Oleh karena itu, sebagian besar pertandingan bersifat langsung dan hanya satu catatan, tidak mendorong penggunaan strategi yang rumit untuk menang. Mode permainan yang berbeda memecah aksi monoton sampai batas tertentu, dengan Rocket Arena mengumpulkan semuanya di bawah daftar putar Arena tunggal. Di sini Anda bermain melalui beberapa jenis pertandingan multipemain yang umum, termasuk pertandingan kematian, kontrol titik, dan putaran bola roket saat menangkap bendera. Tidak ada yang menonjol karena sangat menarik dan tidak memanfaatkan penembakan berbasis roket dengan cara yang menyenangkan atau baru. Di luar Arena, Rocket Arena menawarkan playlist deathmatch langsung, permainan Ranked Arena, dan mode survival gelombang kooperatif yang dapat dilupakan.

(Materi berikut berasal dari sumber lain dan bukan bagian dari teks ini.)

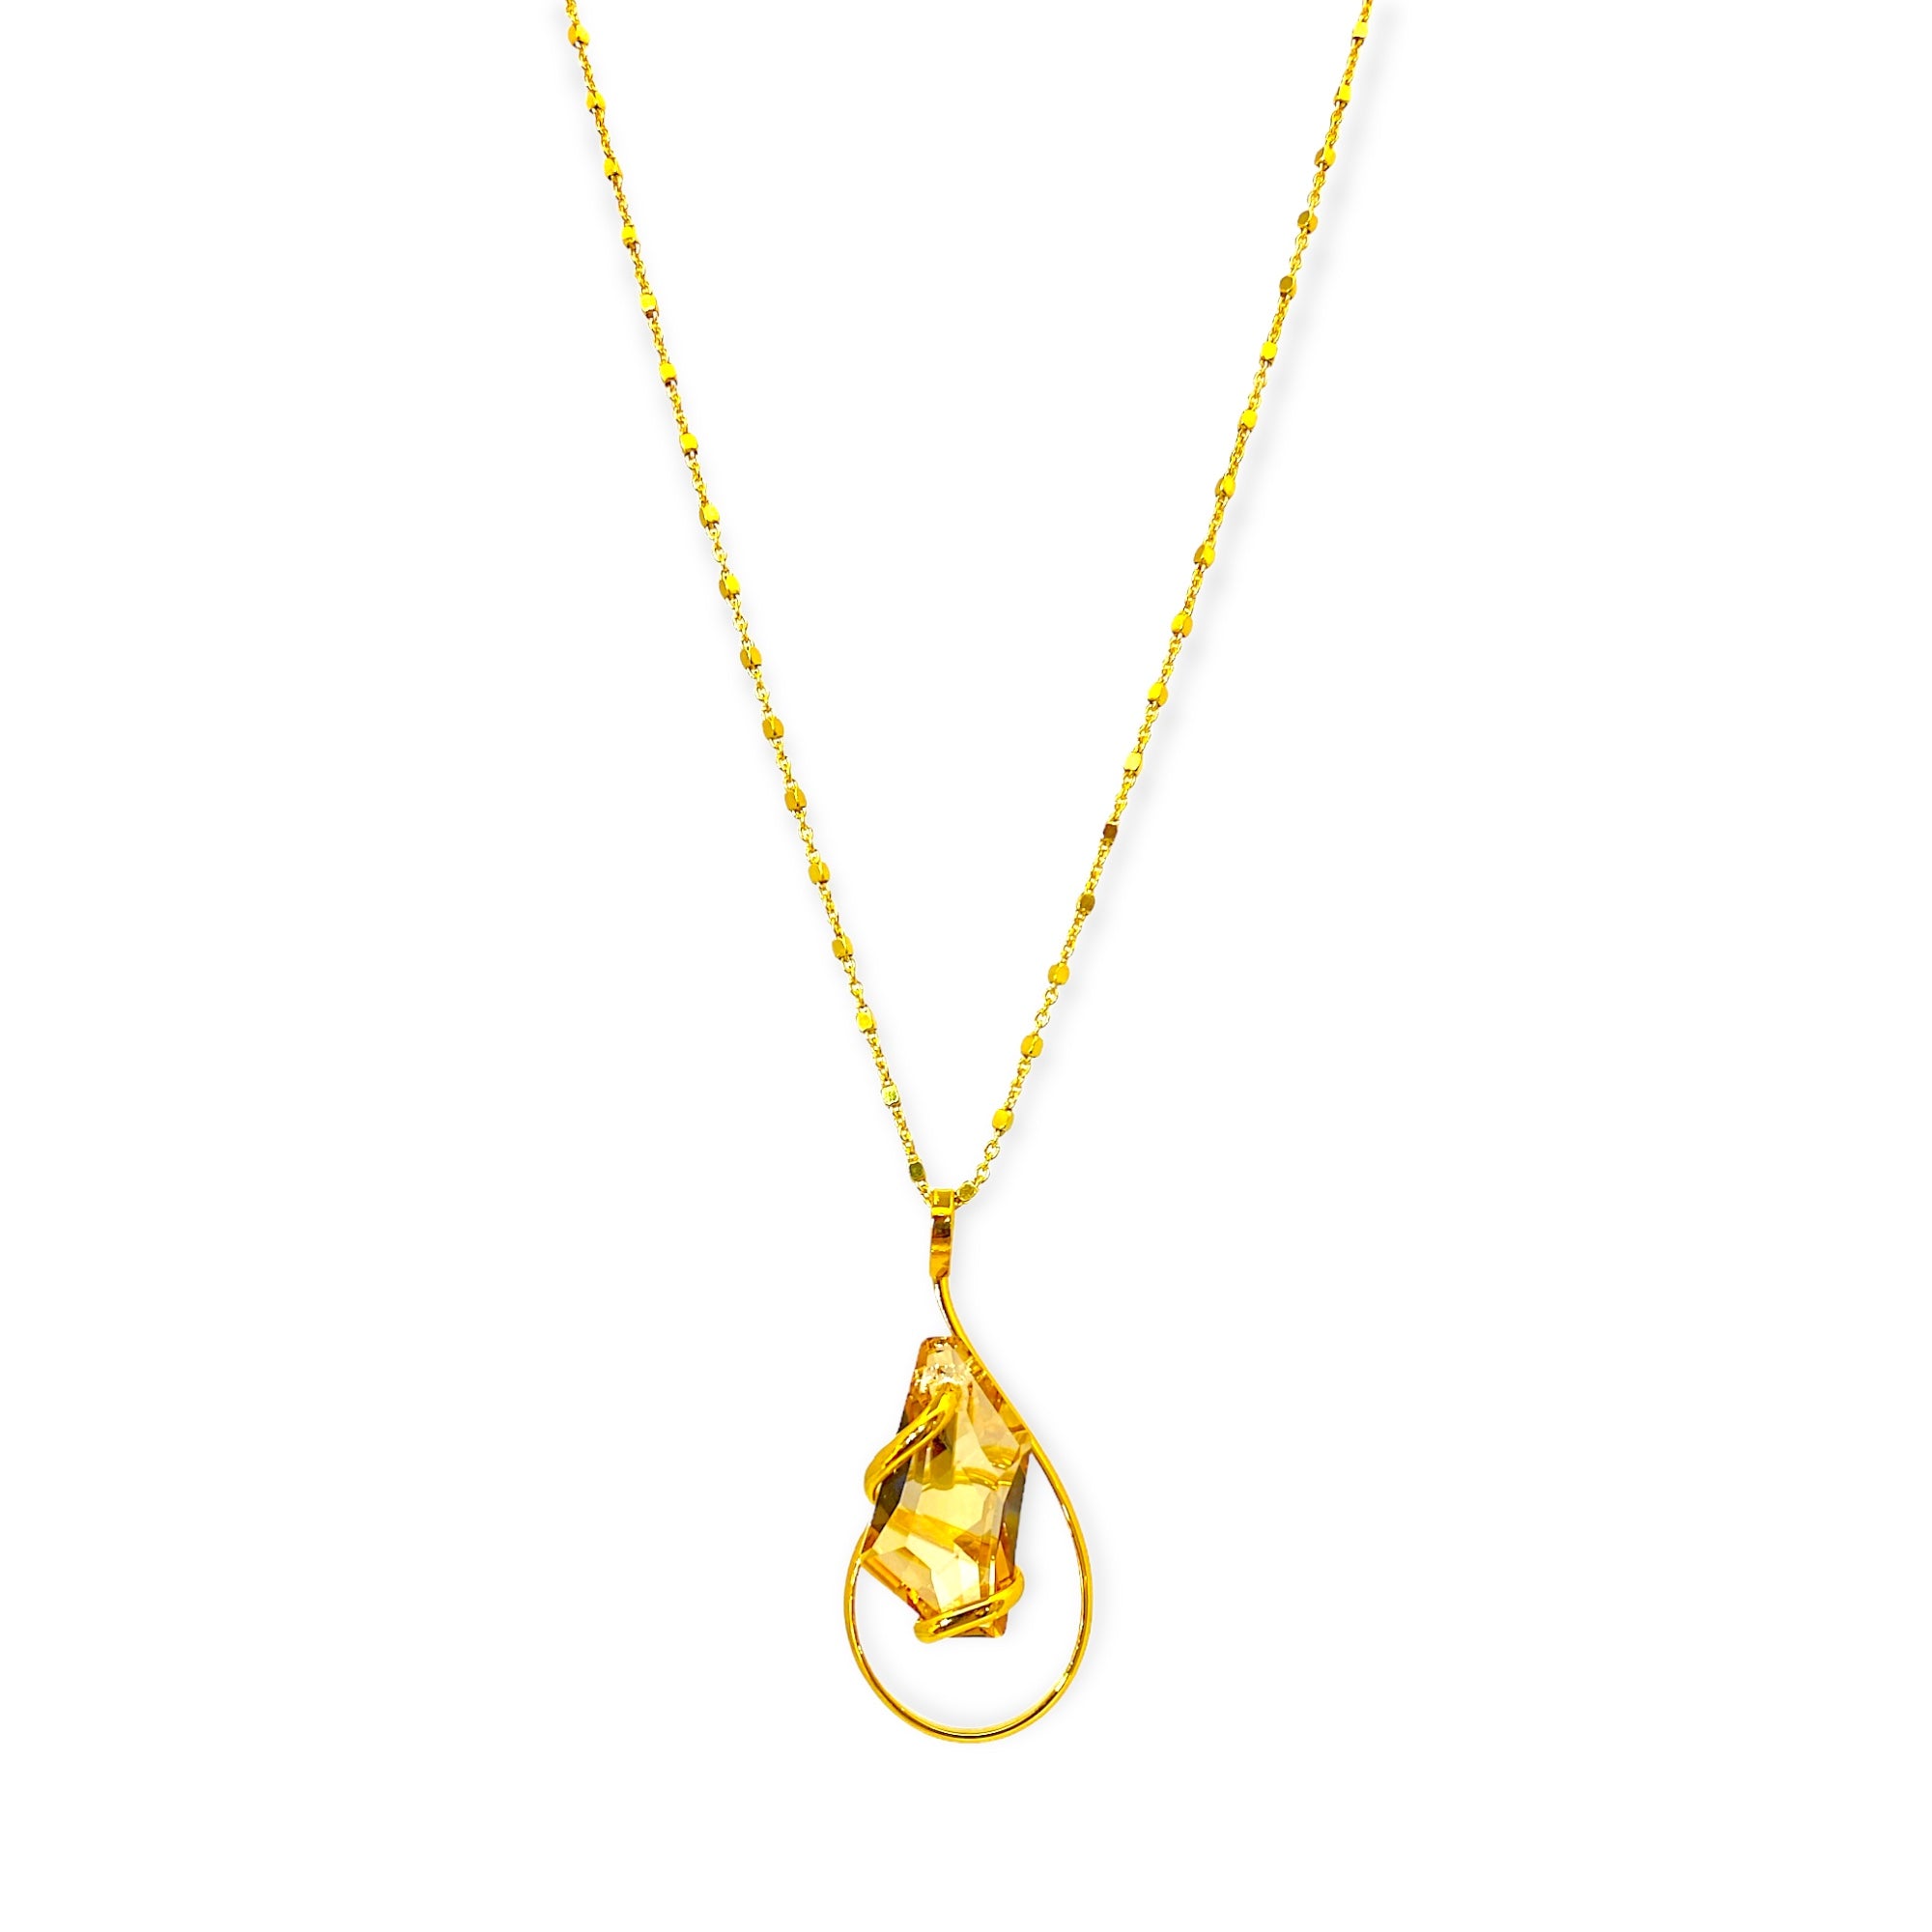 GOLDEN-SHADOW SMALL NECKLACE

Rocket Arena memadukan perkembangan karakter tradisional dan beberapa ornamen dari penembak free-to-play, termasuk item kosmetik untuk dibeli melalui transaksi mikro dan tiket masuk musim dengan pembukaan kunci dalam game tambahan. Karakter baru dijanjikan untuk setiap musim baru permainan kompetitif, yang semuanya juga gratis untuk semua pemain. Ini juga menampilkan perkembangan karakter standar, dengan kosmetik tambahan seperti skin alternatif, spanduk, dan lebih banyak lagi yang terkunci di belakang level individu masing-masing karakter. Item yang memengaruhi alur game tidak dapat dibeli, dan hanya sedikit skin yang memerlukan uang dunia nyata atau sebagian besar mata uang dalam game yang Anda peroleh saat bermain. Manfaat karakter pasif dibuka terlepas dari level karakter individu, dan juga dapat dibagikan antar karakter. Mereka tidak

Pendekatan Rocket Arena untuk menjadi penembak yang lebih mudah didekati, dari karakternya yang penuh warna dan aneh hingga mekanisme peluncur roketnya yang pemaaf, membuatnya mudah untuk diapresiasi pada pandangan pertama. Perpaduan hingar bingar antara pemotretan berbasis ledakan dan kemampuan karakter yang mudah dipahami memungkinkan Anda mulai bersenang-senang dengan cepat, tetapi kurangnya kedalaman dan mode yang tidak menarik tidak menjaga momentum. Rocket Arena merongrong kail lompat roket utamanya dengan membuat strategi ini menjadi tidak berarti di antara mekanisme lainnya, dan penembakannya menjadi basi dalam prosesnya. Ada kesenangan terbatas yang bisa didapat dengan aksi penembakan yang hingar-bingar dan cepat, tetapi tidak memiliki daya tarik yang kuat.